The bill was not the first bipartisan support the 340B program has received. Another bill, HR 6071 from Rep. Doris Matsui (D-CA), aims to halt Medicare Part B cuts in addition to several pro-340B provisions. Overall, the US government has displayed unprecedented bipartisan support for the 340B program, with a letter signed by 228 of the 435 members of Congress and another letter signed by 57 of the 100 members of the Senate.
Hospitals participating in the 340B program and hospital associations also vocalized their opposition before the ruling took effect. An association of hospitals and health systems in the 340B program, called 340B Health, released a statement in November 2017 saying that the ruling would “harm patients, raise the cost of prescription drugs and other services, and undermine the vital safety net of providers across the country that serve low-income and other vulnerable populations.”
The statement continued, “By slashing Medicare Part B outpatient drug pay- ments for 340B hospitals by nearly 30%, CMS is taking an unprecedented action that will harm patient care.”
Also in November 2017, American Hospital Association Executive Vice President Tom Nickels said in a press release, “CMS’s decision to cut Medicare payments to hospitals for drugs covered under the 340B program will dramatically threaten access to health care for many patients, including uninsured and other vulnerable populations.
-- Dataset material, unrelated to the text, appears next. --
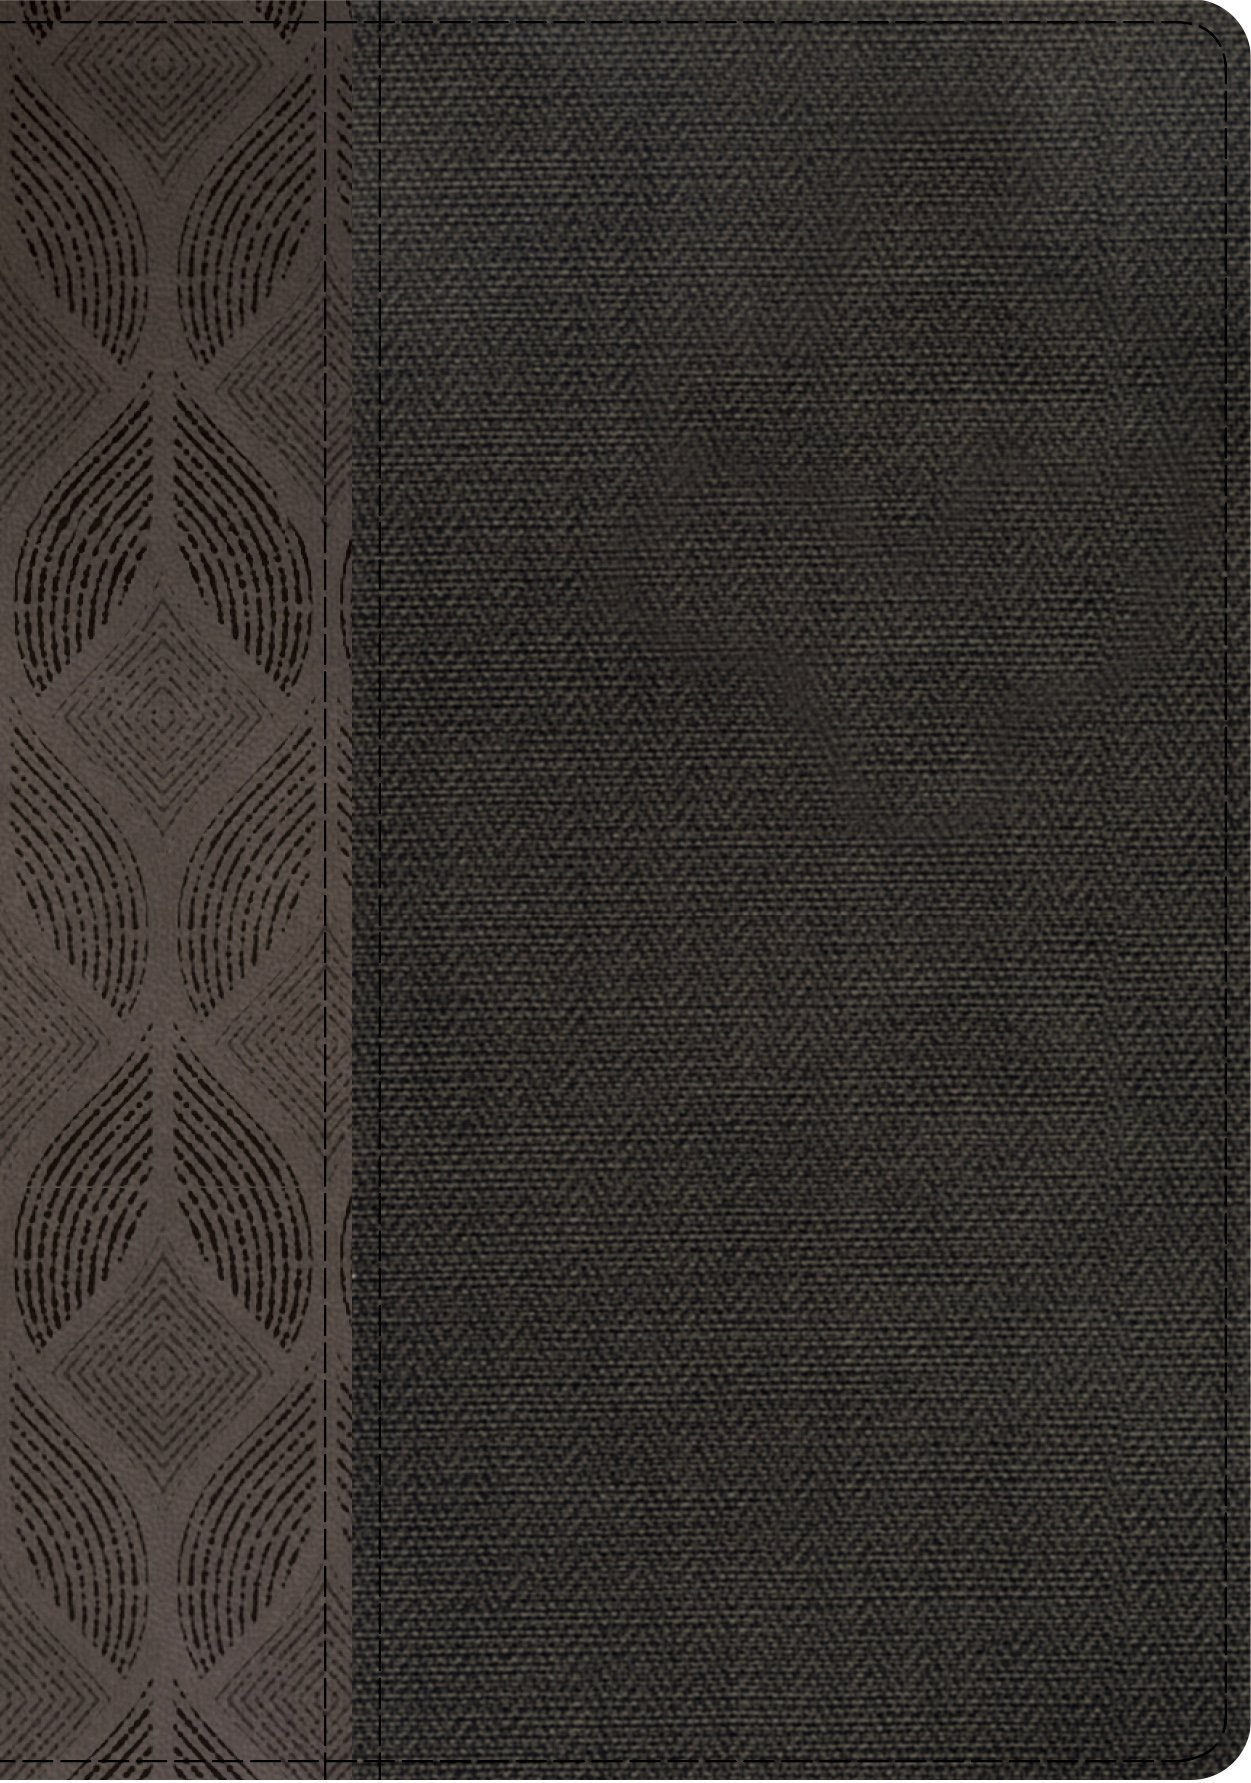 RVR 1960 Biblia Compacta Letra Grande, geométrico/twill gris símil piel con índice (Spanish Edition) pdf epub

We strongly urge CMS to abandon its misguided 340B rule, and instead take direct action to halt the unchecked, unsustainable increases in the cost of drugs.”
These objections, although unheeded by CMS in its final decision, eventually led to a lawsuit. On November 13, 2017, the American Hospital Association (AHA), America’s Essential Hospitals, and the Association of American Medical Colleges, along with 3 health systems— Eastern Maine Healthcare Systems; Henry Ford Health System in Detroit, Michigan; and Park Ridge Health in North Carolina— jointly filed a lawsuit in US District Court for the District of Columbia.
The lawsuit argued that the 340B rule violates the Social Security Act and should be set aside, and further alleged that the 340B provisions are outside of the HHS secretary’s statutory authority. The lawsuit was subsequently dismissed on December 29, 2017. AHA then filed an appeal that was denied, prompting the association to refile the lawsuit on September 5.